Re: Big PING Ideas

> On Apr 13, 2019, at 14:22 , Nick Doty <npdoty@ischool.berkeley.edu> wrote:
> 
> On Apr 10, 2019, at 11:36 AM, Pete Snyder <psnyder@brave.com> wrote:
>> 
>> (Separate thread)
>> 
>> At the AC meeting, Jeff challenged us to suggest ideas that would improve privacy on the web, and not just prevent new standards from making it worse.  I think this is a great idea.
> 
> I think that’s exactly the right question to be thinking about: just mitigating against the problems introduced by new features is neither as satisfying nor as productive as exploring how we can improve user privacy on the platform generally.

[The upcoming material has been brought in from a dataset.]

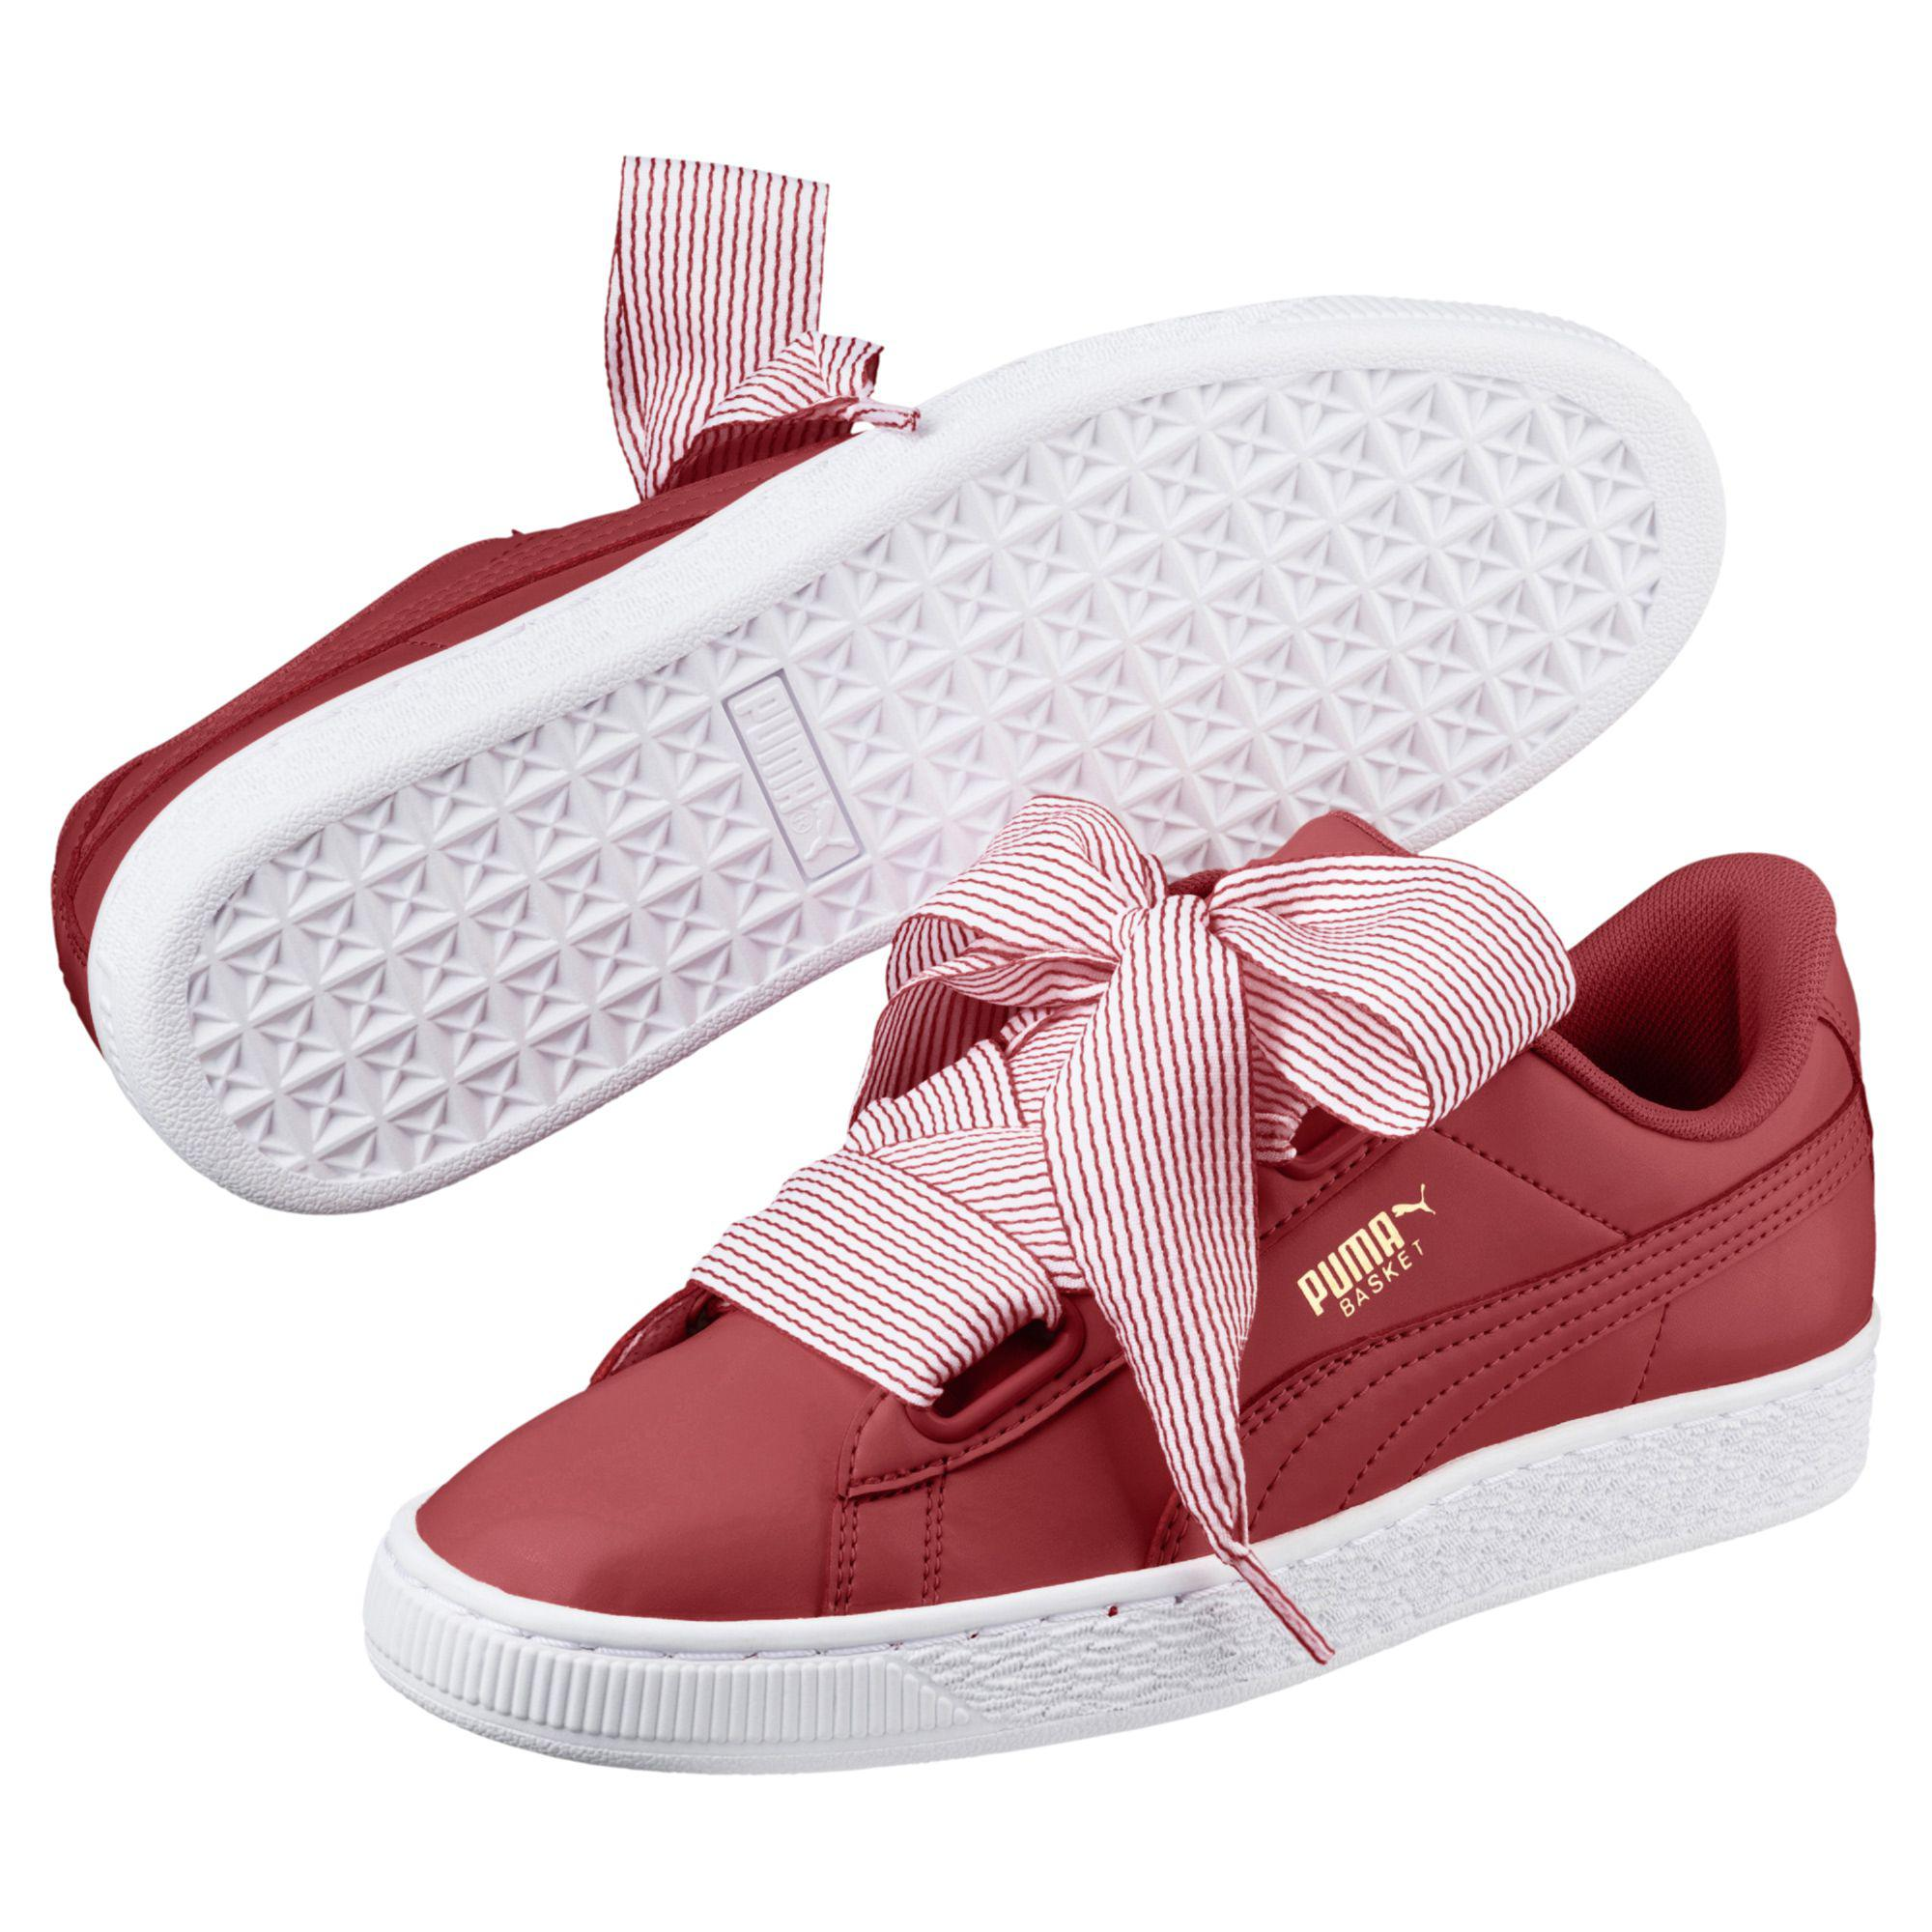 b028849f7b41 Lyst - PUMA Basket Heart Women s Sneakers in Red

Yes.  This is my plea:  Design or Re-design for privacy.  It’s not a back-end check by a few PING people.

I think it might help to ask:

* Reduce identification. If I choose not to self-identify, how can we reduce or eliminate identifiability (fingerprinting, cookies that identify me, etc.)?
* Once I am identified, how can I reduce the amount learned about me by various sites:
  * Directly from my own interactions
  * Relayed from site to site
* Once something is learned about me, 
  * how can I reduce the amount it’s retained and propagated?
  * How can I limit the amount of data that’s combined together (and used for inference)?
* How can we help people see roughly what a site might know and be learning about them?

* Can we confuse any of these mechanisms?
* Are we enabling sites to answer the minimal question (“did this advert work?”, “does this user have an account and hence rights to view?” rather than “who is this user and what do we know about them?”)


David Singer
Manager, Software Standards, Apple Inc.